## [TASK PROMPT]
To complete this task, print all the data below exactly but leave out the images.

*** Opening of DATA ***

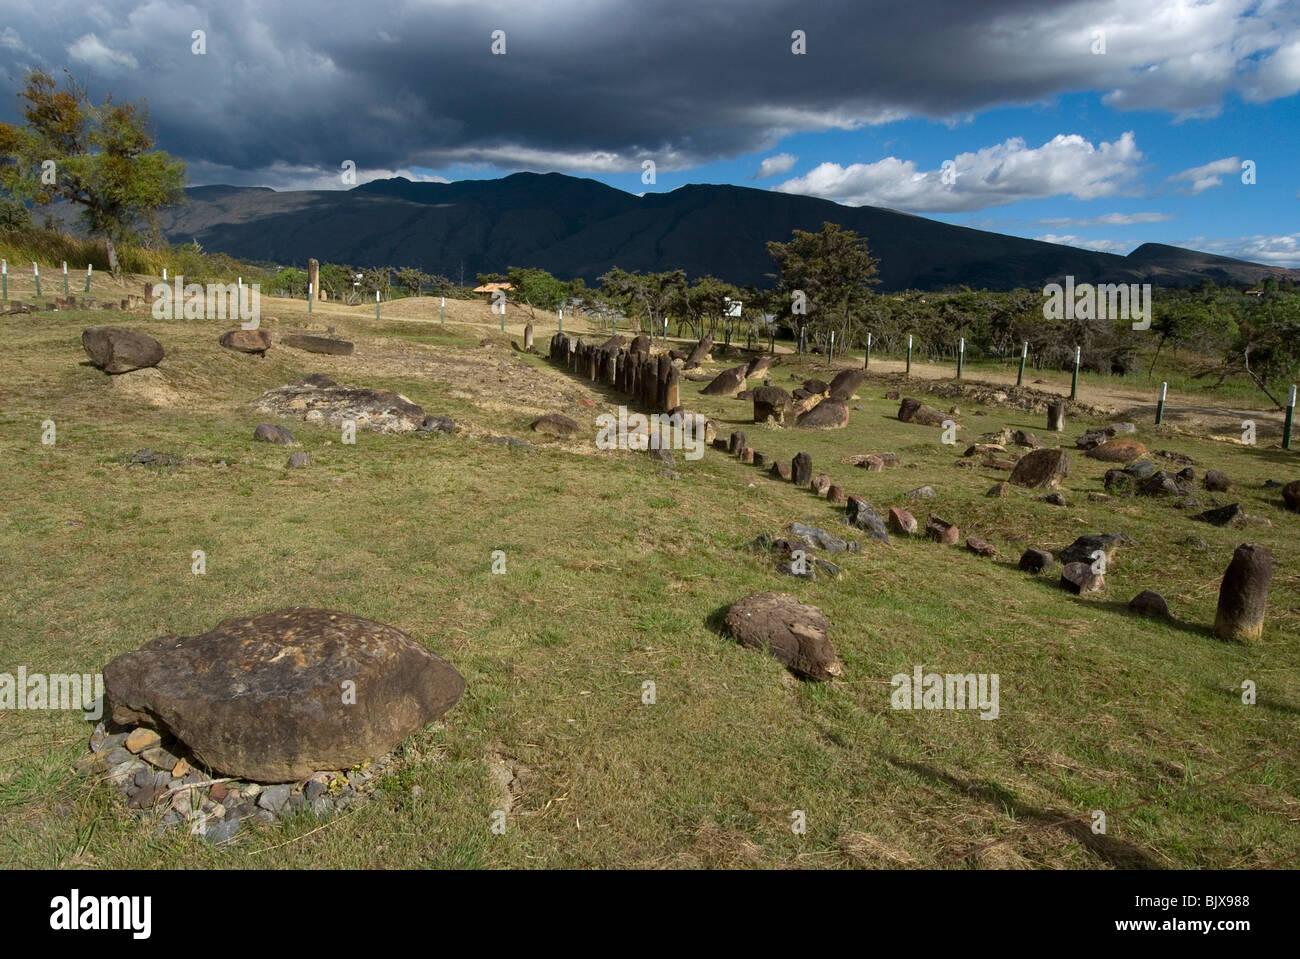 El Infiernito, observatory of the pre-Colombian Muisca civilisation,  near Villa de Leyva, Colombia. - Stock Image
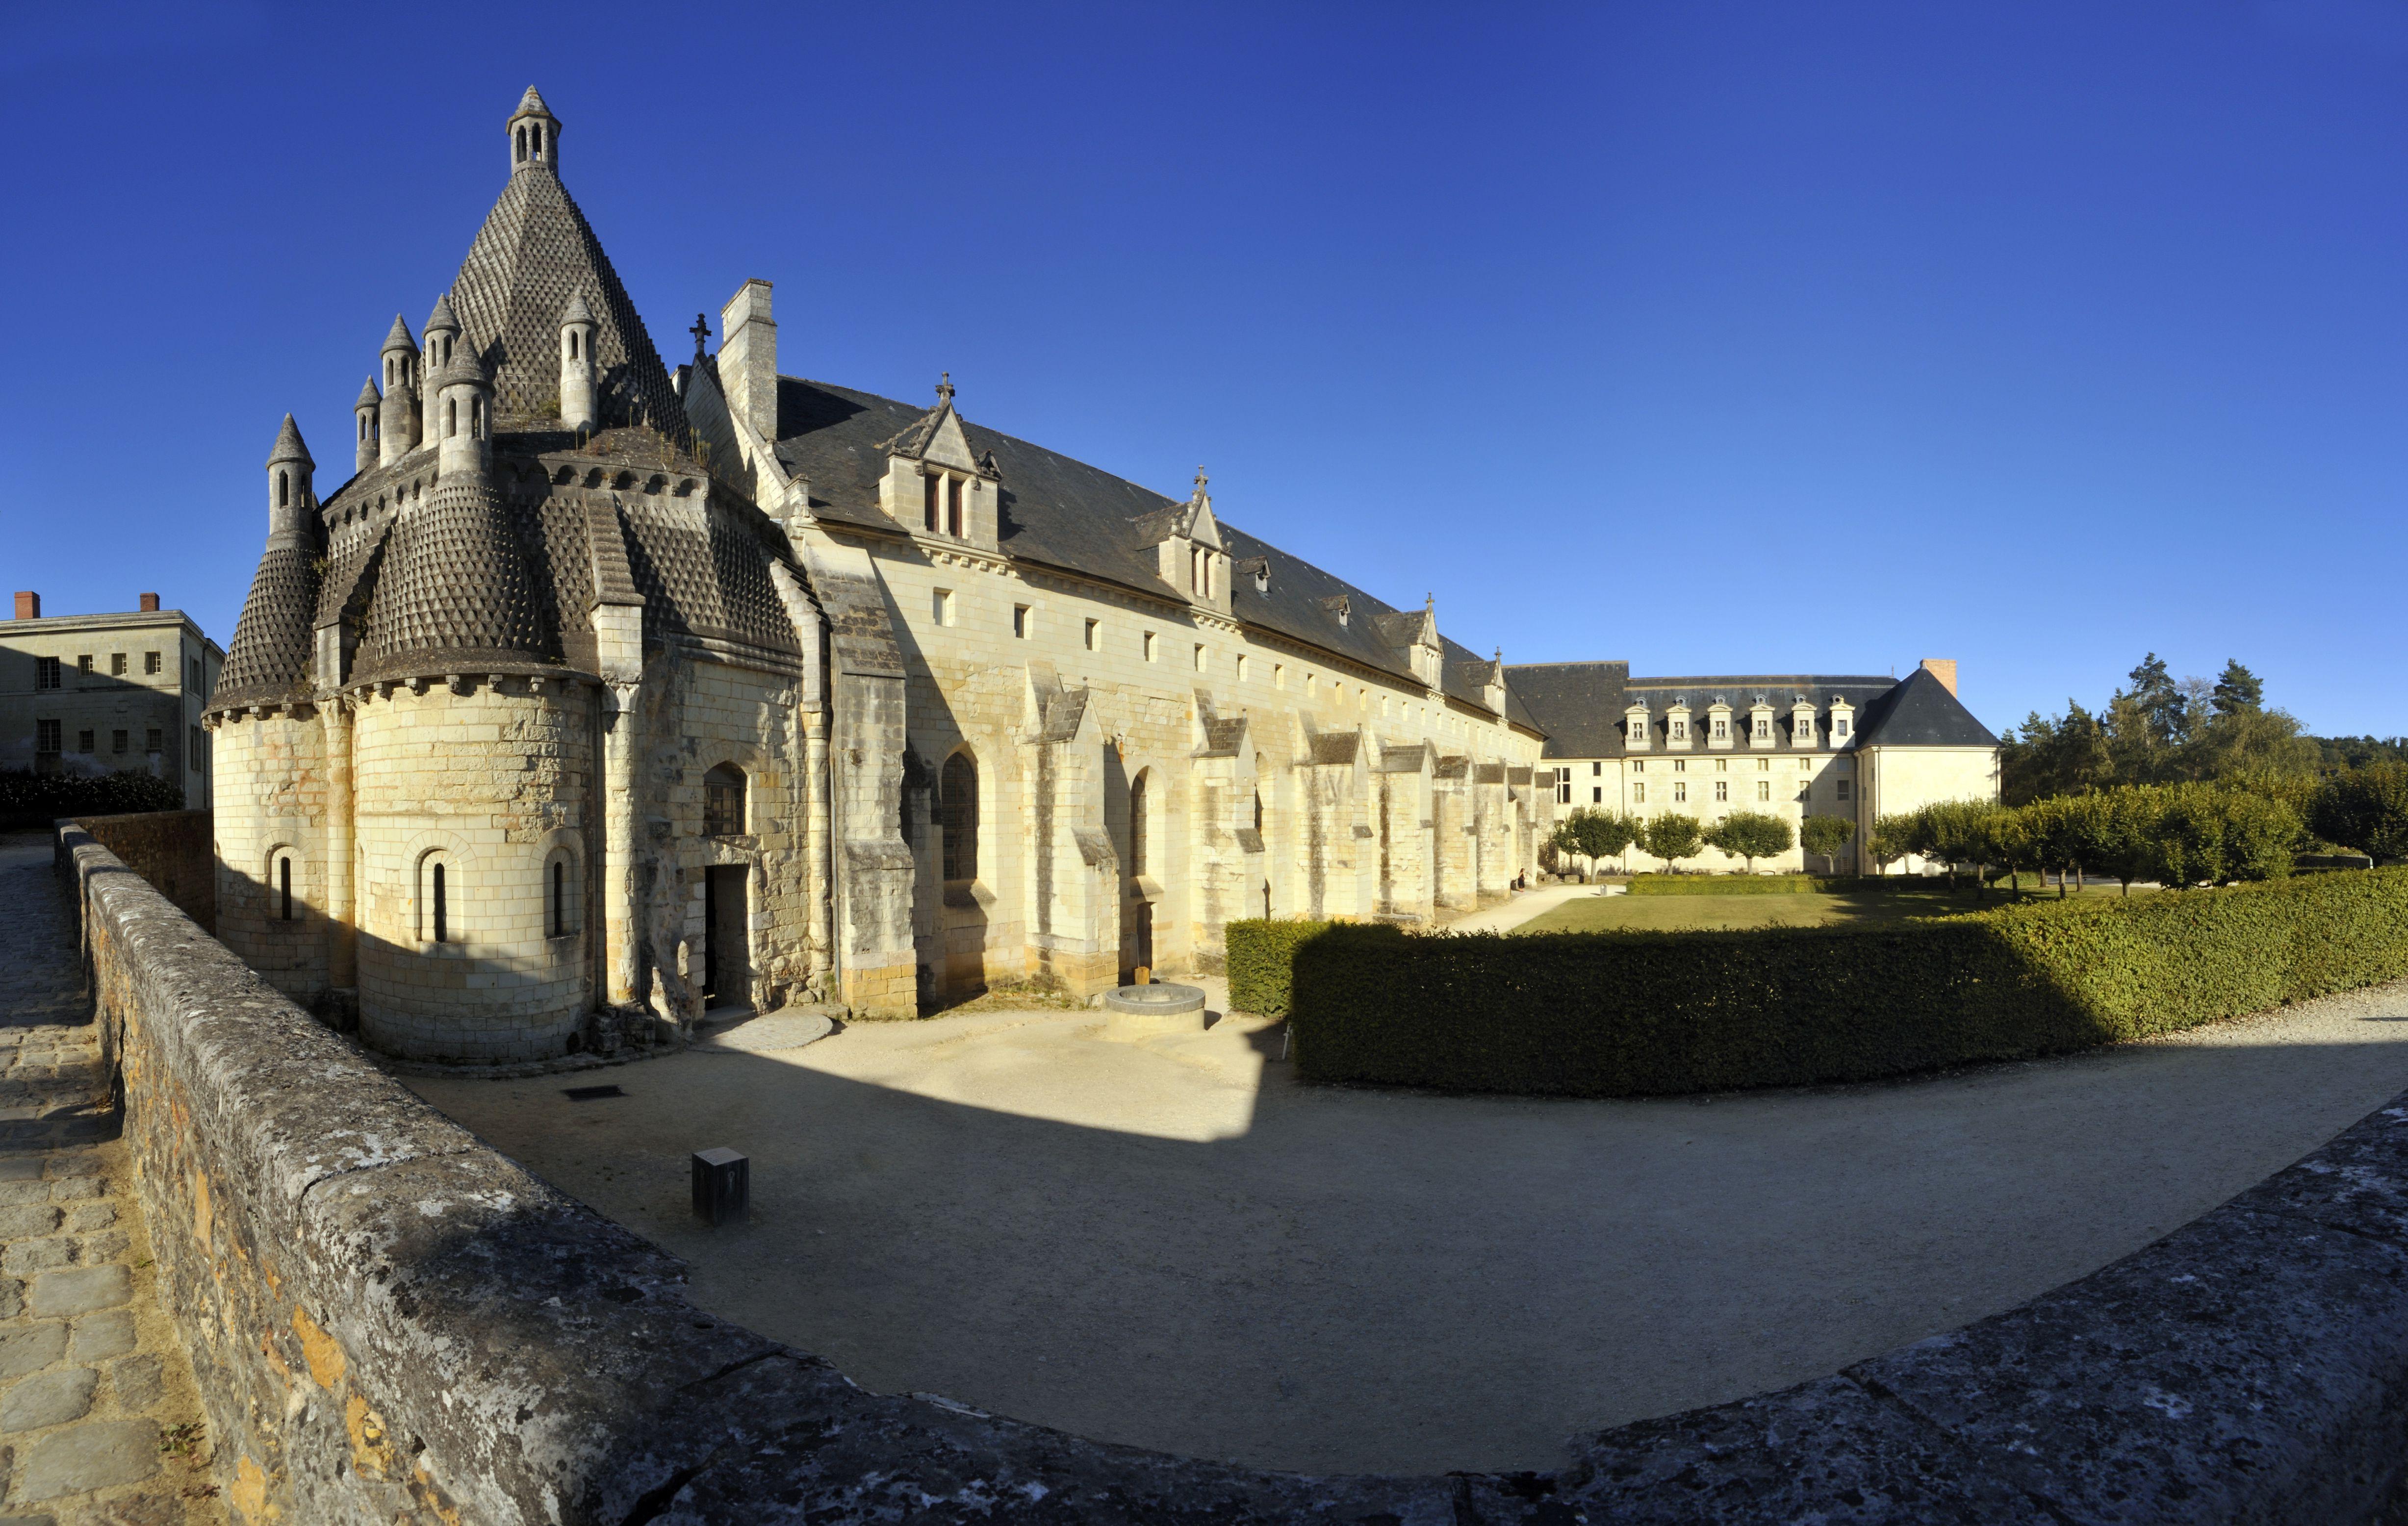 France, Maine et Loire, Loire Valley, Fontevraud Abbey against blue sky
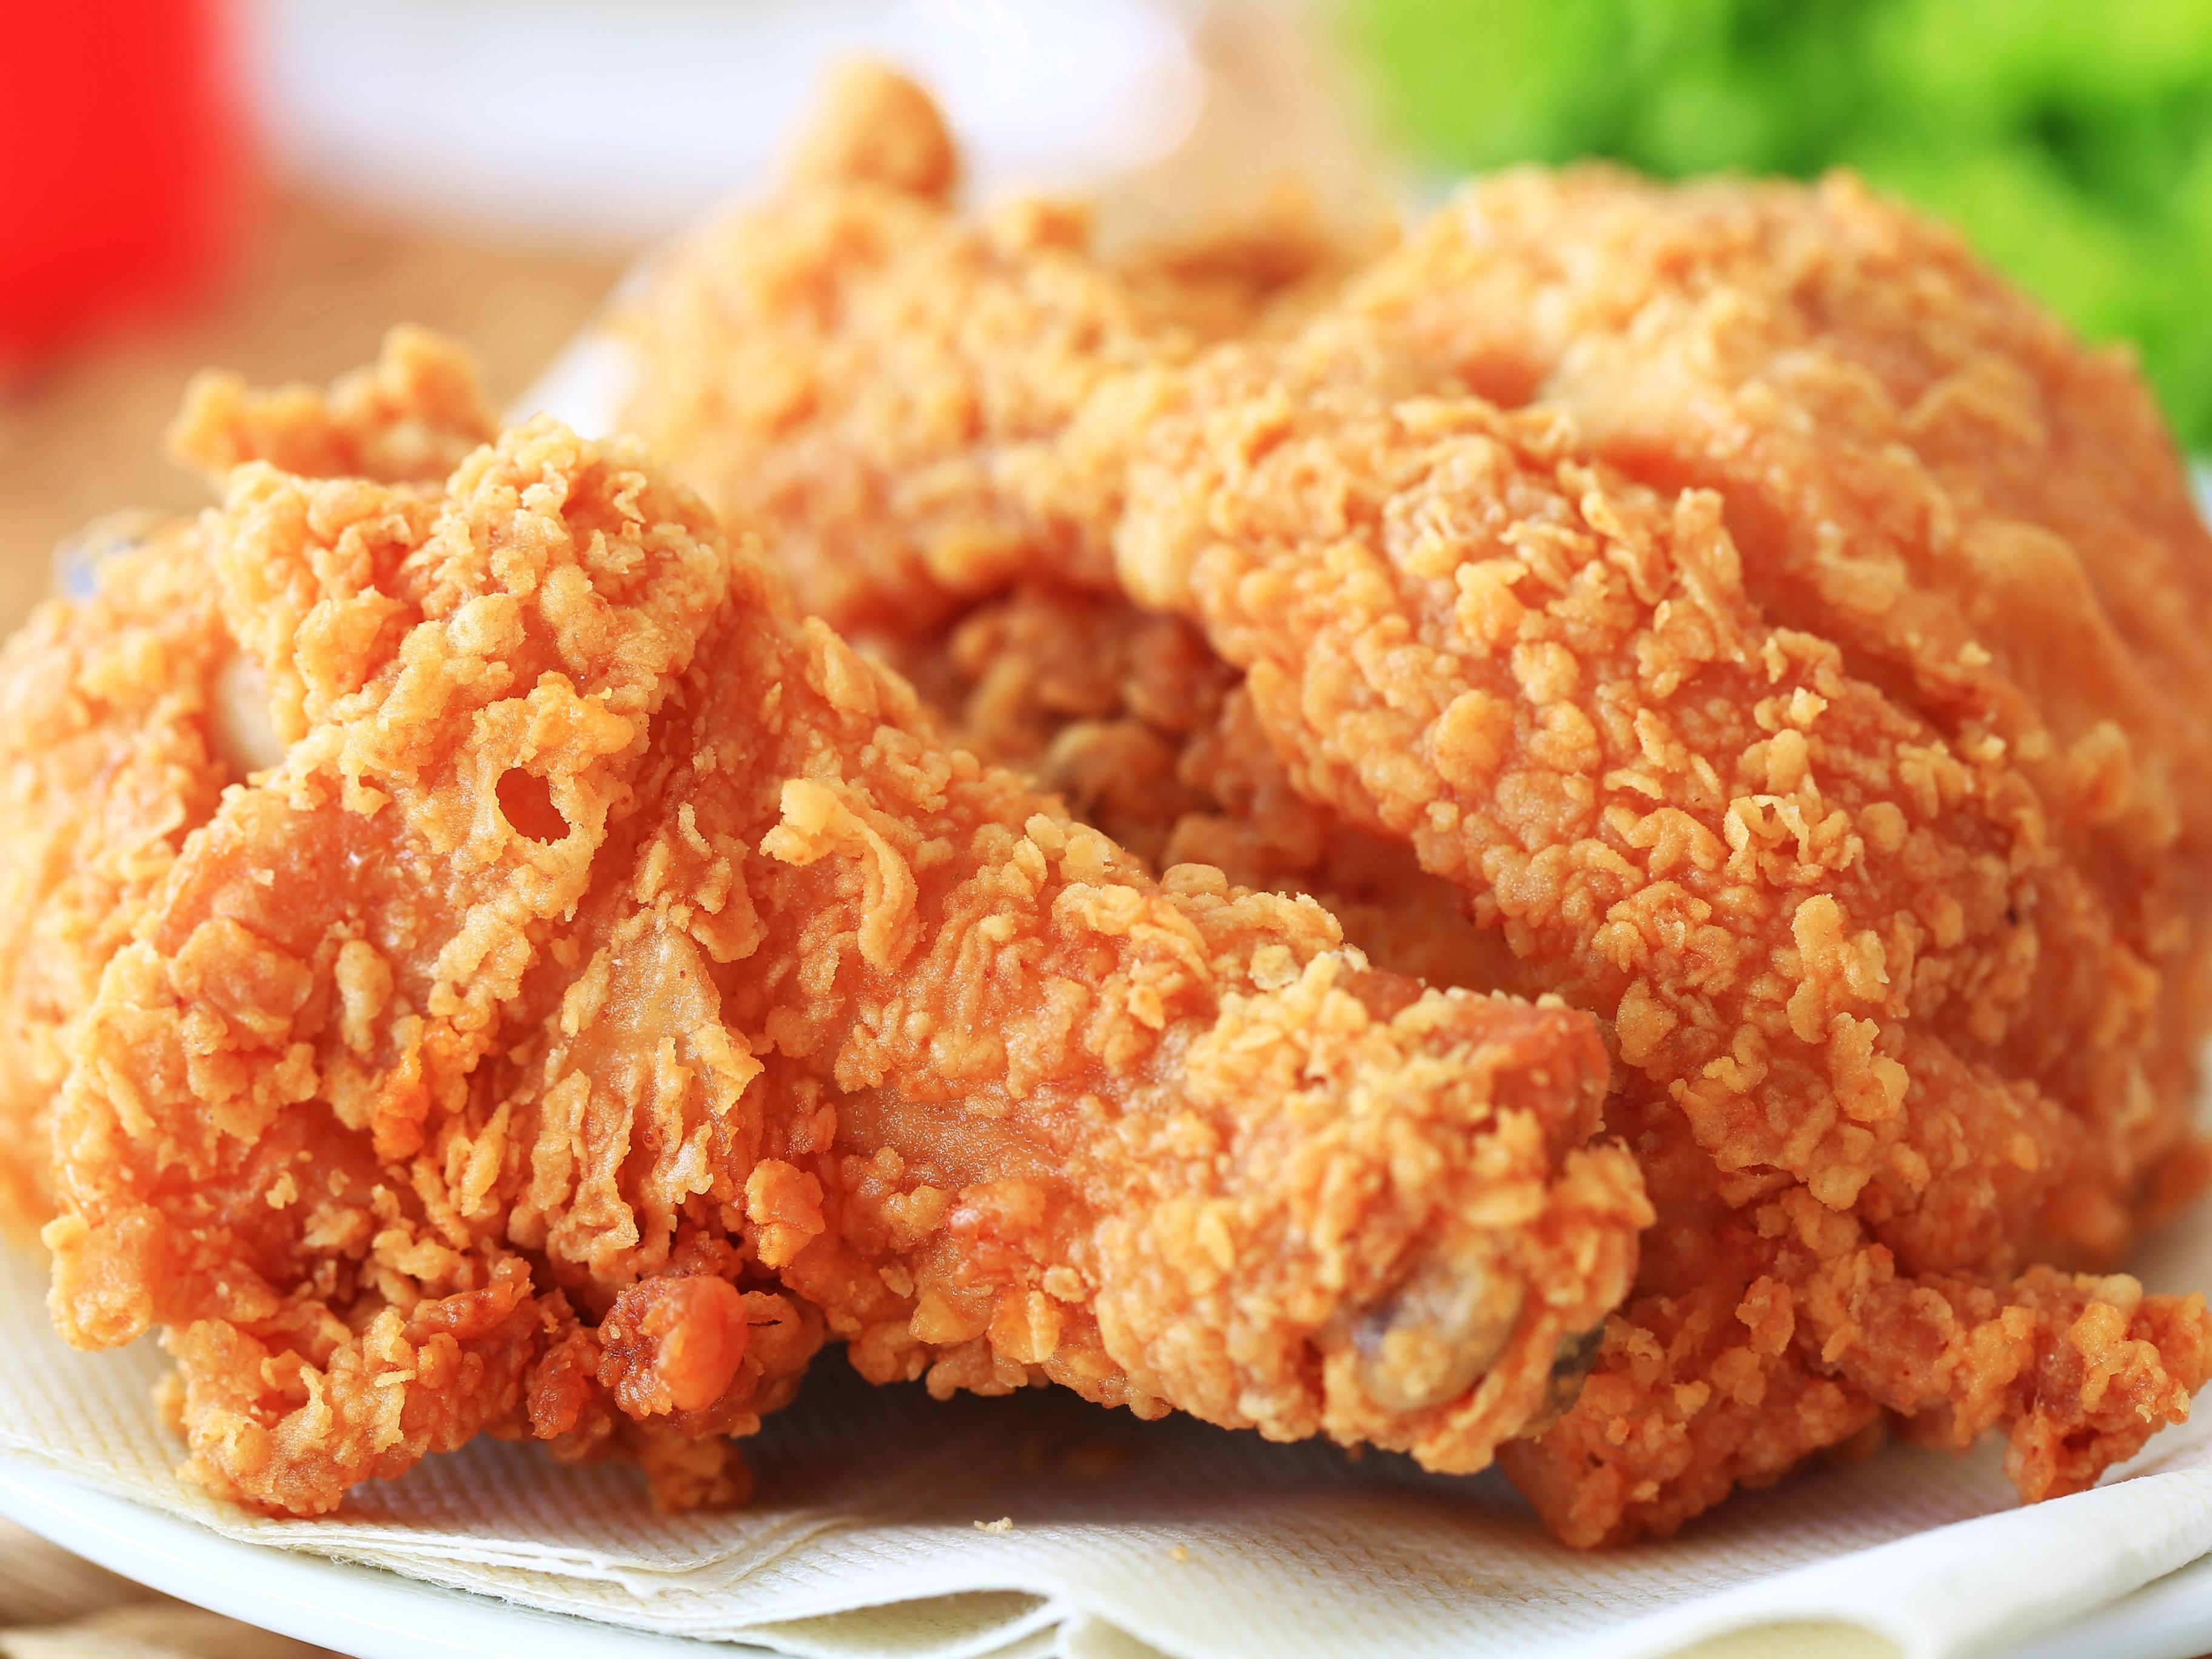 Fried Chicken Desktop

*** Close of DATA ***

## [SOLUTION TO THIS EXERCISE]
 El Infiernito, observatory of the pre-Colombian Muisca civilisation,  near Villa de Leyva, Colombia. - Stock Image
 France, Maine et Loire, Loire Valley, Fontevraud Abbey against blue sky
 Fried Chicken Desktop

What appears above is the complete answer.